Some reports indicated that people were waiting for three hours at the border at Heathrow on Tuesday.

Home Affairs Select Committee chairwoman and Labour MP Yvette Cooper said queues and a failure to separate passengers were creating a “super-spreading risk”.

On Monday, Britain lifted the ban on international travel, with the green list allowing for quarantine-free trips between the UK and 12 countries and territories.

Travellers have also flown to amber-list destinations, though passengers arriving from those countries must quarantine for 10 days on their return.

Richard Bradley arrived at Heathrow on Monday from Vienna, Austria, after a work trip.

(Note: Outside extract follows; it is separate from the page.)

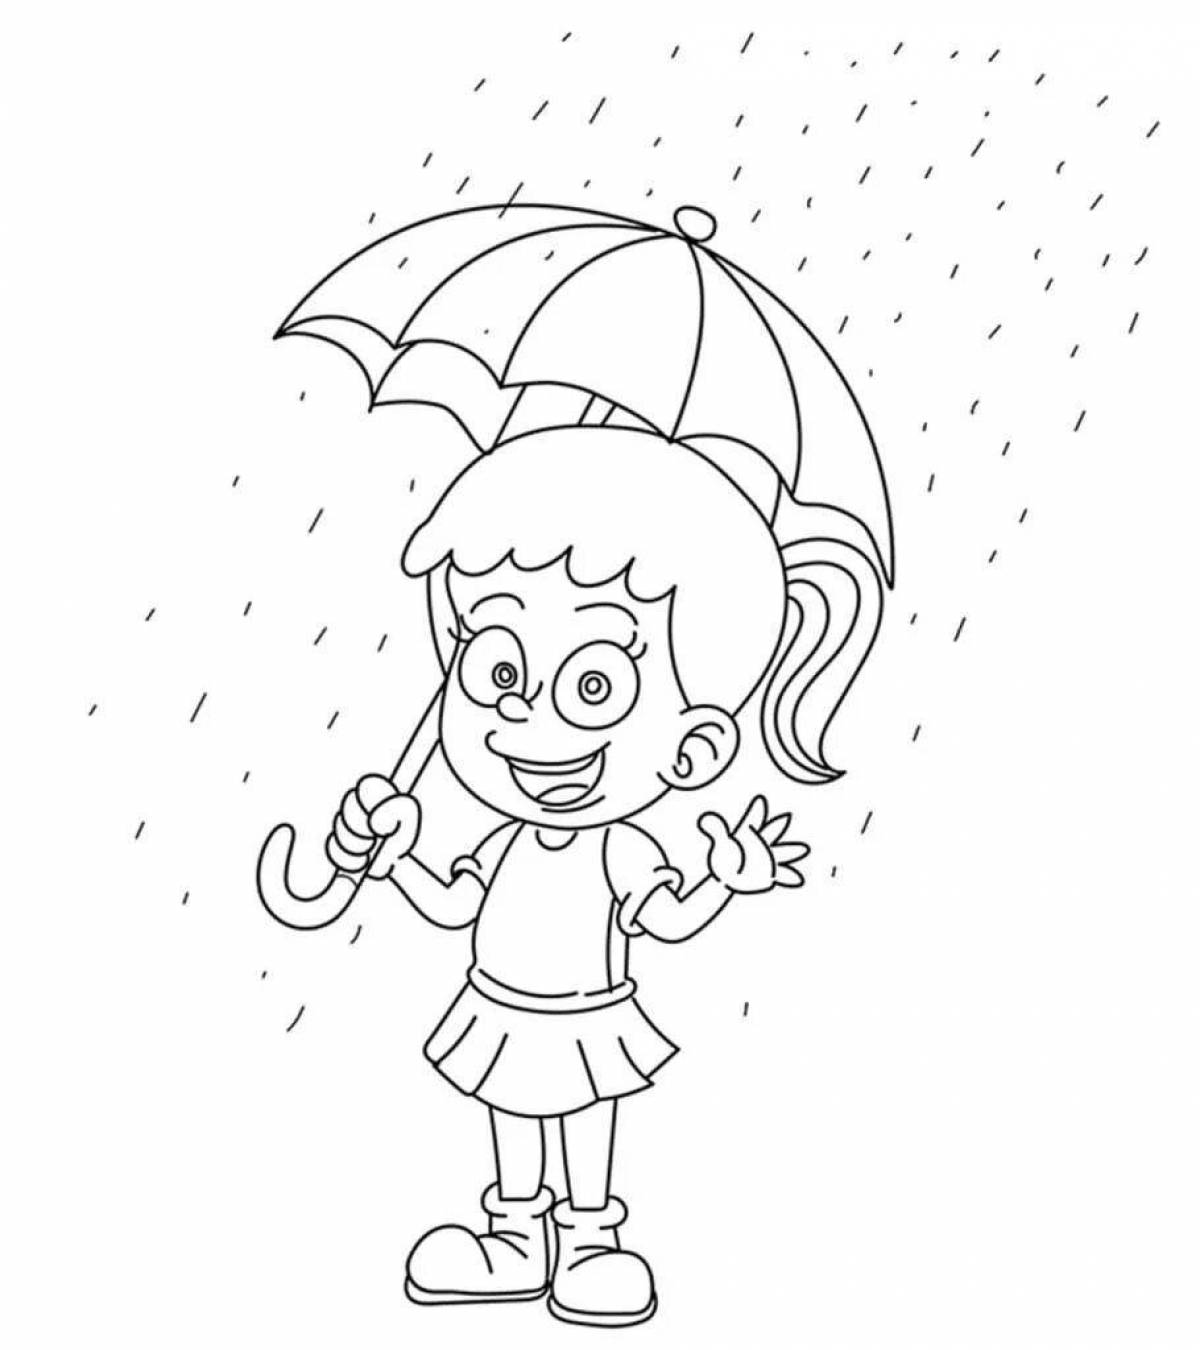 Rain splash coloring book for kids

He spoke of his concern at having to queue with fellow passengers with limited social distancing.

“With the way we are being made to queue, l can’t help but feel we are in a bit of a Petri dish for mutations. Surely they can make this more efficient,” he said.

He told The National that although the situation had improved since a previous trip in February, it appeared that Gatwick Airport in West Sussex was "significantly better managed" than Heathrow.

Ms Cooper said it was “irresponsible” to have people queuing at the border. She questioned why electronic processing of Covid-19 documentation was not put in place before leisure travel was resumed.

“If you have people waiting for long periods of time in a not brilliantly ventilated arrivals hall, often standing very close to each other, well that’s a super-spreading risk … especially if you have people arriving from red list countries alongside people arriving from green-list countries,” she told the BBC.

“If they don’t have those things in place at a time when we’re all desperately trying to keep the progress moving forwards, there’s a real risk that we’ll end up just going backwards again.”

 

Prime Minister Boris Johnson said on Tuesday no one should be travelling to an amber-list destination without good reason, despite it being legal to land in the UK from those countries.

“It is not somewhere you should be going on holiday – let me be very clear about that,” he said.

“If people do go to an amber list country, if they absolutely have to, [it should be] for some pressing family or urgent business reason. So I think it’s important for people to understand what an amber country is.”